Определение сероводорода (качественная реакция)
Метод основан на взаимодействии сероводорода, образующегося при порче рыбы, со свинцовой солью с появлением темного окрашивания.
15...25 г исследуемого фарша помещают рыхлым слоем в бюксу вместимостью 40...50 см3. В бюксу подвешивают горизонтально над фаршем полоску плотной фильтровальной бумаги, на поверхность которой, обращенной к фаршу, нанесены 3...4 капли раствора свинцовой соли. Диаметр капли – 2...3 см. Расстояние между бумагой и поверхностью фарша должно быть 1 см.

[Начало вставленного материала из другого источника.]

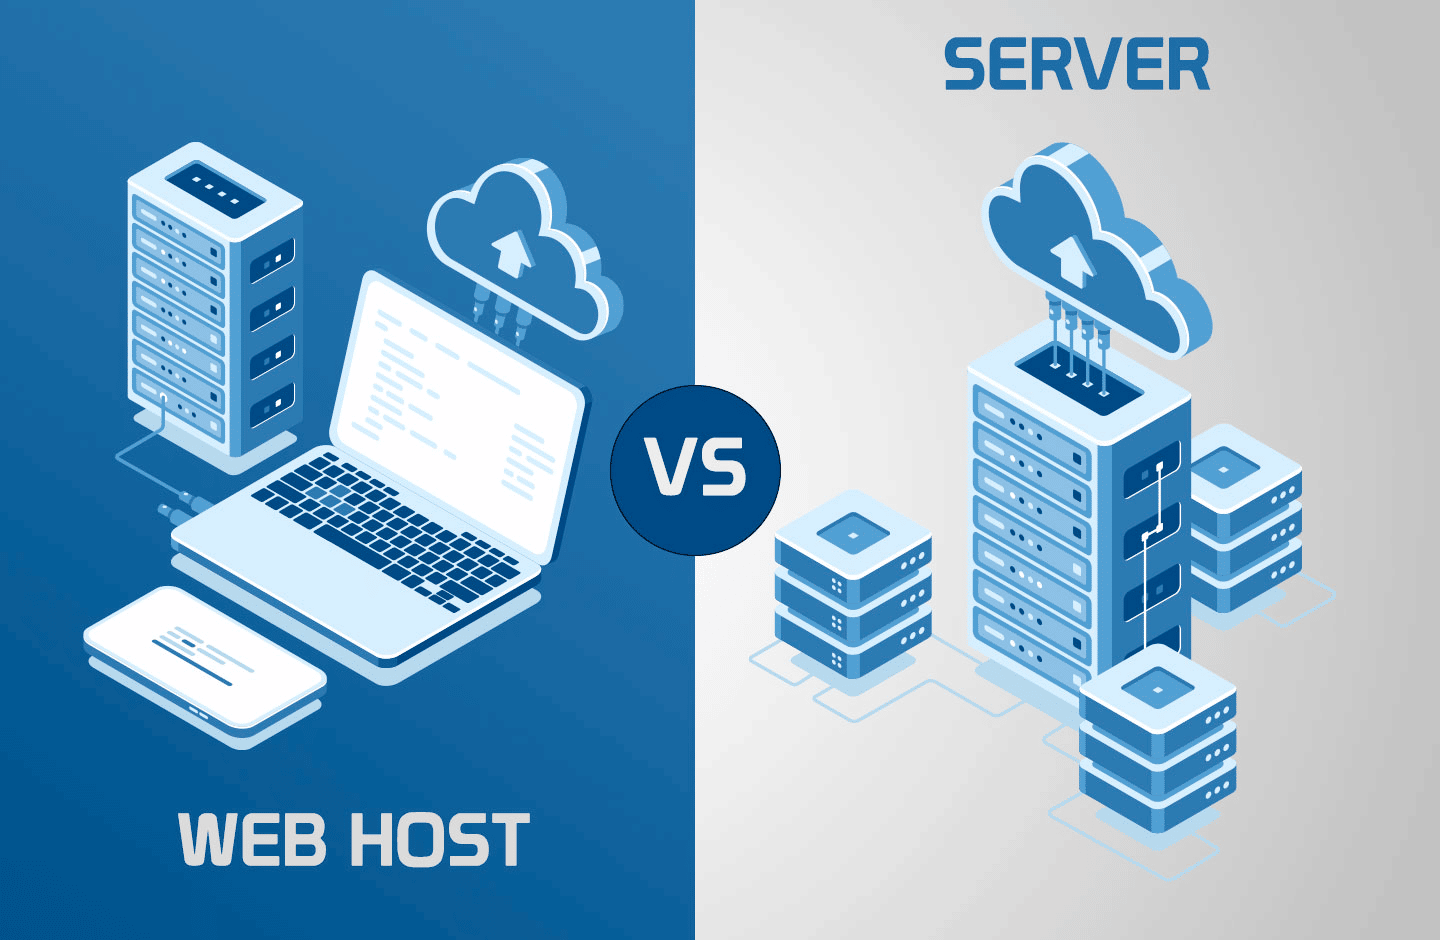 Hosting vs Server: What Are the Key Differences?

Бюксу сверху закрывают крышкой, зажимая фильтровальную бумагу между крышкой и корпусом бюксы, и оставляют стоять при комнатной температуре.
Параллельно проводят контрольный анализ без навески продукта.
По истечении 15 минут бумагу снимают и сравнивают ее окраску с окраской бумаги, смоченной тем же раствором свинцовой соли (контрольный анализ).
При наличии в исследуемом образце свободного сероводорода происходит побурение или почернение участка бумаги, смоченных раствором свинцовой соли.
Определение массовой доли белковых веществ (сырого протеина)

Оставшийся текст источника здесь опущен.